I had a Sweet & Sour chicken with a generous portion of roast pork rice that had no roast pork in it. Just some onions. For $6.00 with a Pepsi included it was not a bad lunch. They gave me a large amount of chicken so I could not complain.

The takeout place is a dump but being across the street from the housing projects, I did not see anyone who came in for their orders complain. If you are in the area, it is a nice place to stop for a reasonable meal.

The Sweet & Sour Chicken was okay

I started my walk down 5th Avenue past all the projects first, Taft Houses on one side and the Martin Luther King Jr. Houses to the other which gives way to 112th Street and the renovating of the brownstones and prewar apartment buildings that run from 112th Street to other parts of the neighborhood all around 110th and below as the Upper East Side is beginning to creep up into this area.

The Martin Luther King Houses

Within a few years, you will see an extension of luxury high rises start to be built in this area due to the proximity of Central Park. You are seeing this at 116th Street up to Mount Morris Park (Marcus Garvey Park).

The Taft Houses on Madison Avenue

The sign

Once you pass the circle where The Heritage 5th Avenue a Schomberg Plaza Circle is currently undergoing a renovation to mixed housing, you walk past buildings that you would imagine belong on 5th Avenue with the traditional doormen apartments that face Central Park (for many who remember the ‘Central Park Jogger’ case back in the 80’s, these apartments are where the supposed ‘Central Park Eight’ came from and started their rampage. That seems like a million years ago now).

The complex has since been renovated and in 2025, it is called the Heritage and it looks more like luxury housing.

Schomberg Plaza is on the corner of Fifth Avenue and 110th Street across from Central Park (it has now been renovated and is now called Heritage Plaza)

https://www.nycurbanism.com/brutalnyc/schomberg-plaza

In the circle of Fifth Avenue and East 119th Street, there is a statue of Duke Ellington I had never seen before.

The plaque for the Duke Ellington statue

The statue of Duke Ellington

https://www.centralparknyc.org/locations/duke-ellington

https://en.wikipedia.org/wiki/Duke_Ellington_Memorial

https://www.nycgovparks.org/parks/central-park/highlights/19687

Artist Robert Graham

https://en.wikipedia.org/wiki/Robert_Graham_(sculptor)

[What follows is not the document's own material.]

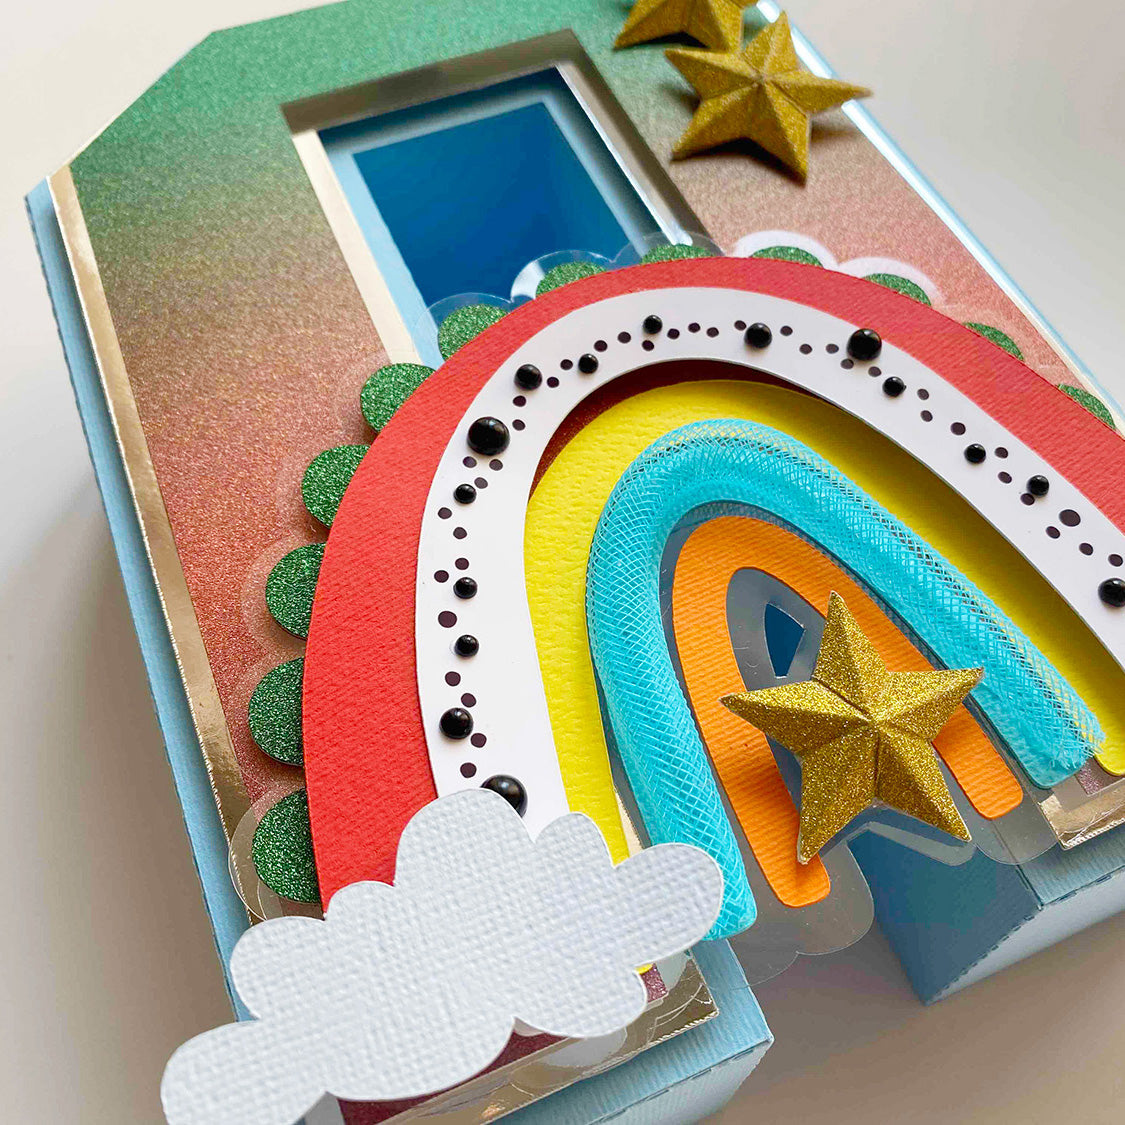 Dimensional Paper Letter Using Multi-Color Glitter paper

Robert Graham was a Mexican born American artist who studied at San Jose State University and graduated from the San Francisco Art Institute. He was widely known as a sculptor of large commissions (Wiki.com).

It was an impressive statue that overlooked the Circle and the entrance to Harlem.

The Harlem Meer and Central Park at the corner of Fifth Avenue and 110th Street

The Visitors Center was closed that evening

The walk down 5th Avenue took me past Central Park on one side and the start of the ‘Museum Mile’ on the other. What was nice is that the trees are in the beginning stages of budding and spring is here finally.

The Harlem Meer at Fifth Avenue and East 110th Street

Fifth Avenue along the park is quite a site especially when the tulips and daffodils are out in full bloom. What is unusual about Fifth Avenue residences is that one block from Fifth Avenue from 110th to 96th Streets leads into public housing complexes sometimes one or two blocks away. Almost everything below 96th Street on the East Side has been gentrified.

Walking around the Central Park Conservatory

Still walking down East 110th Street holds some surprises here and there tucked into its corners. One of them is the Pa’Lante Community Garden at 1651 Madison Avenue and East 110th Street.

The Pa’Lante Community Garden on West 110th Street was founded in 2017

The Pa’Lante Community Garden at 1651 Madison Avenue

I passed the Q subway line on the way to FDR Drive (see previous discussion on the new Q line in an earlier blog) and will have to use this on future trips uptown. It is such a pleasure to travel on the Q line instead of the over-crowded 6 line.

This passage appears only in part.